Short-Range Oversquashing

TL;DR

This paper investigates oversquashing in message passing neural networks, revealing it occurs even in short-range tasks and can be mitigated by transformers rather than traditional rewiring techniques, highlighting the limitations of current explanations.

Contribution

The study uncovers that oversquashing is not solely a long-range issue and introduces a new understanding of its mechanisms, favoring transformers over MPNNs for addressing oversquashing.

Findings

Oversquashing occurs in short-range problems, not just long-range.

Virtual nodes do not resolve short-range oversquashing.
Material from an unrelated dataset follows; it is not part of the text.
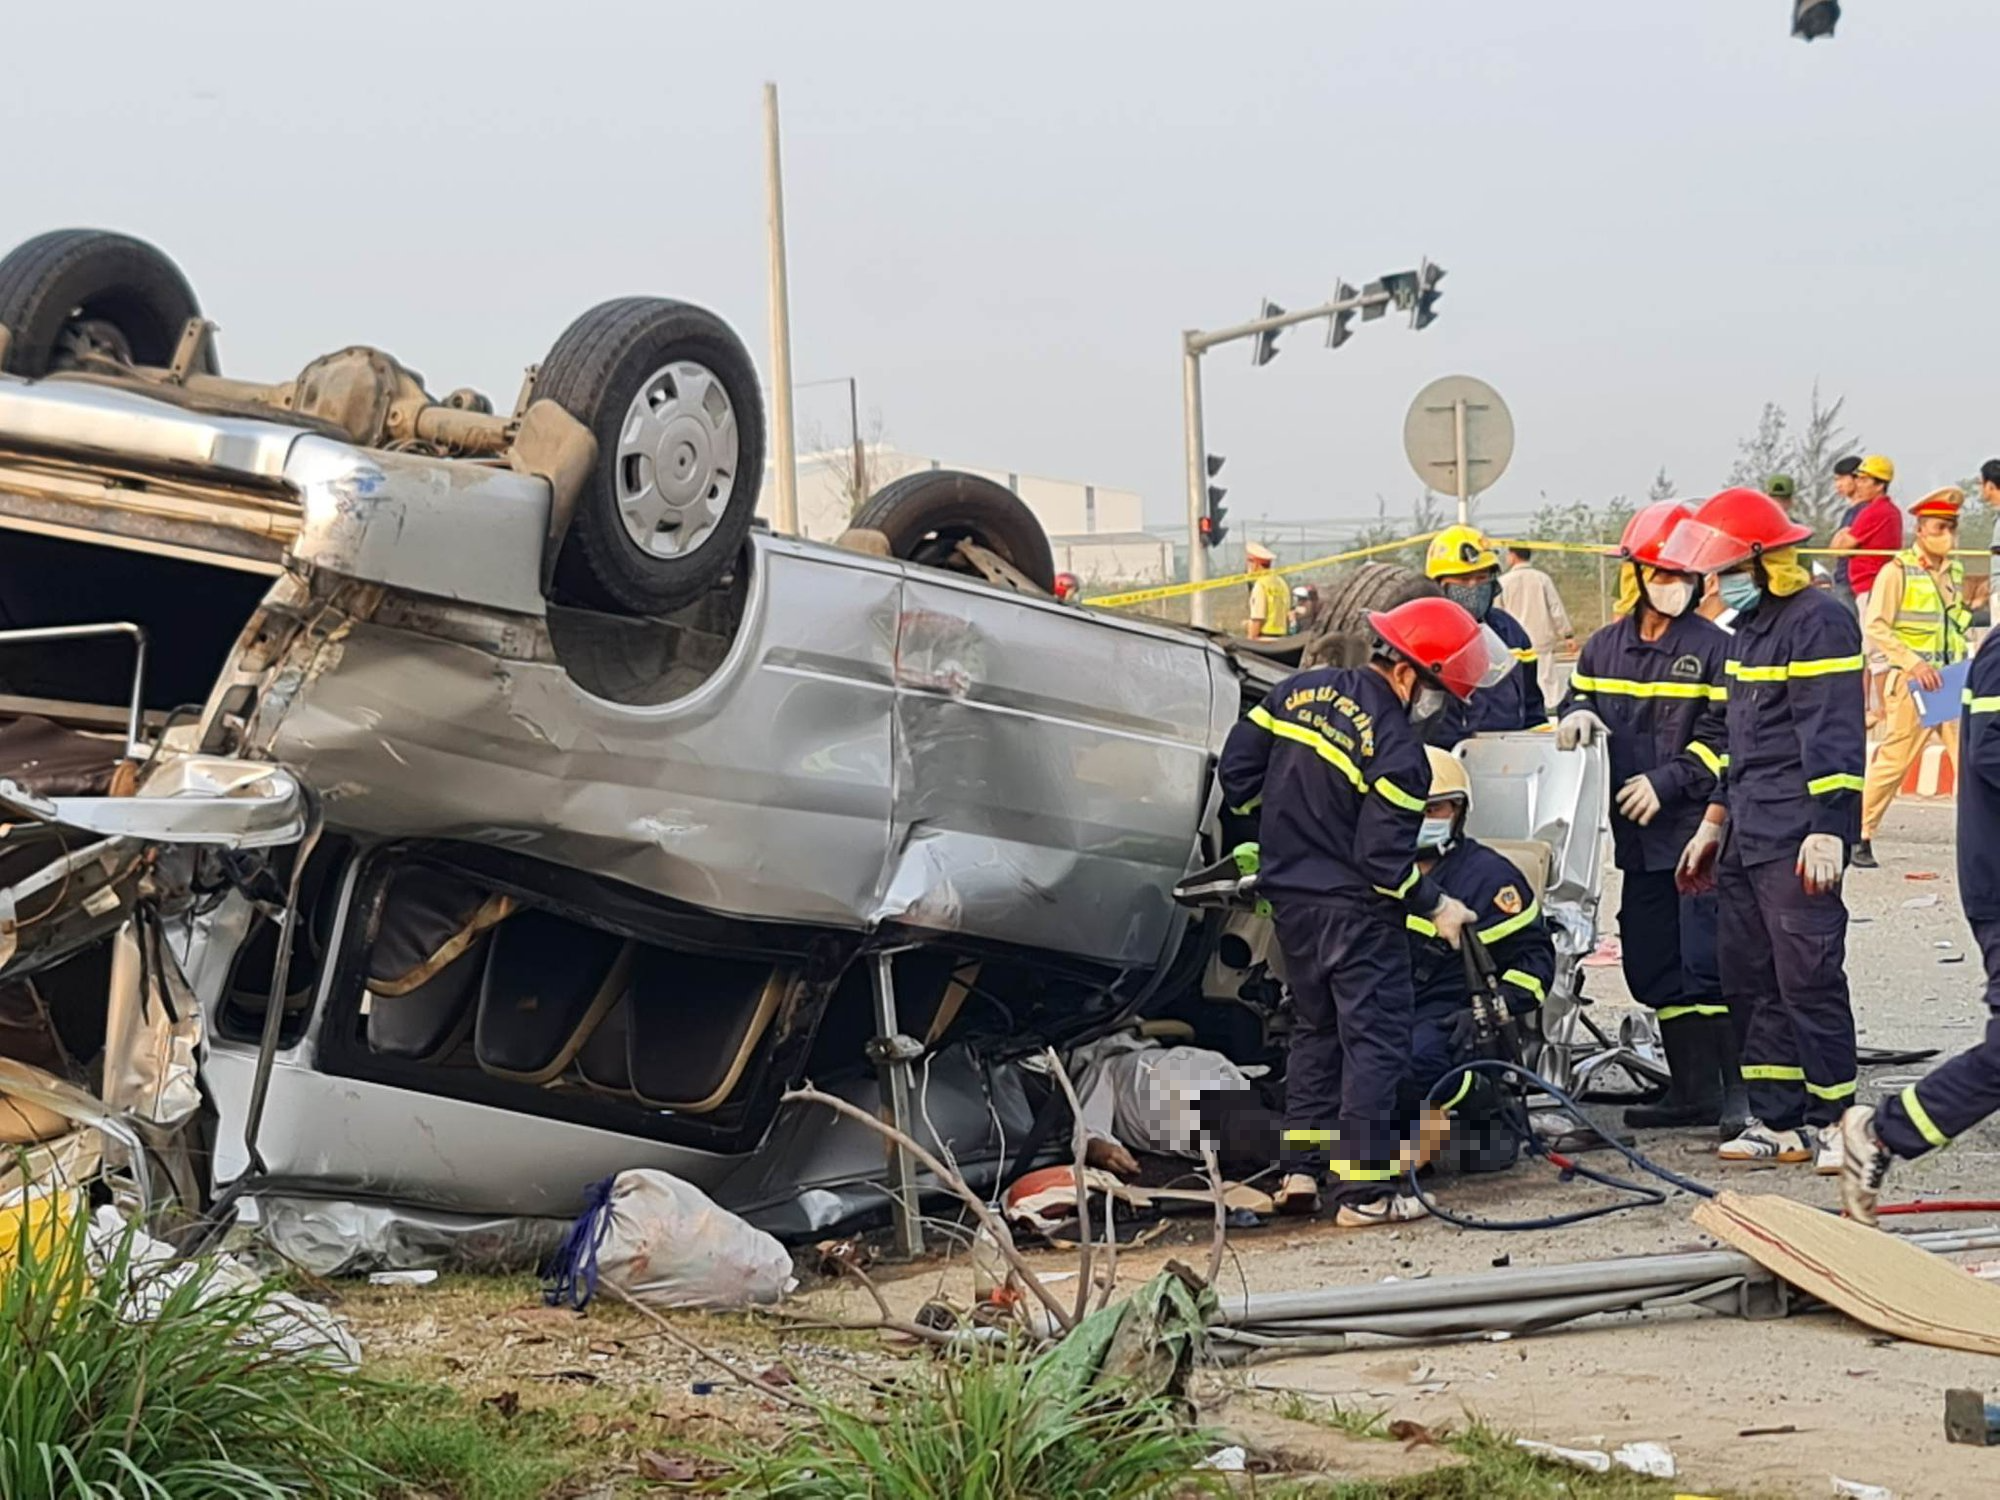 Nóng: Quảng Nam tai nạn giao thông 8 người tử vong  - Ảnh 2.

Transformers outperform MPNNs in mitigating oversquashing.

Abstract

Message Passing Neural Networks (MPNNs) are widely used for learning on graphs, but their ability to process long-range information is limited by the phenomenon of oversquashing. This limitation has led some researchers to advocate Graph Transformers as a better alternative, whereas others suggest that it can be mitigated within the MPNN framework, using virtual nodes or other rewiring techniques. In this work, we demonstrate that oversquashing is not limited to long-range tasks, but can also arise in short-range problems. This observation allows us to disentangle two distinct mechanisms underlying oversquashing: (1) the bottleneck phenomenon, which can arise even in low-range settings, and (2) the vanishing gradient phenomenon, which is closely associated with long-range tasks. We further show that the short-range bottleneck effect is not captured by existing explanations for oversquashing, and that adding virtual nodes does not resolve it. In contrast, transformers do succeed in such tasks, positioning them as the more compelling solution to oversquashing, compared to specialized MPNNs.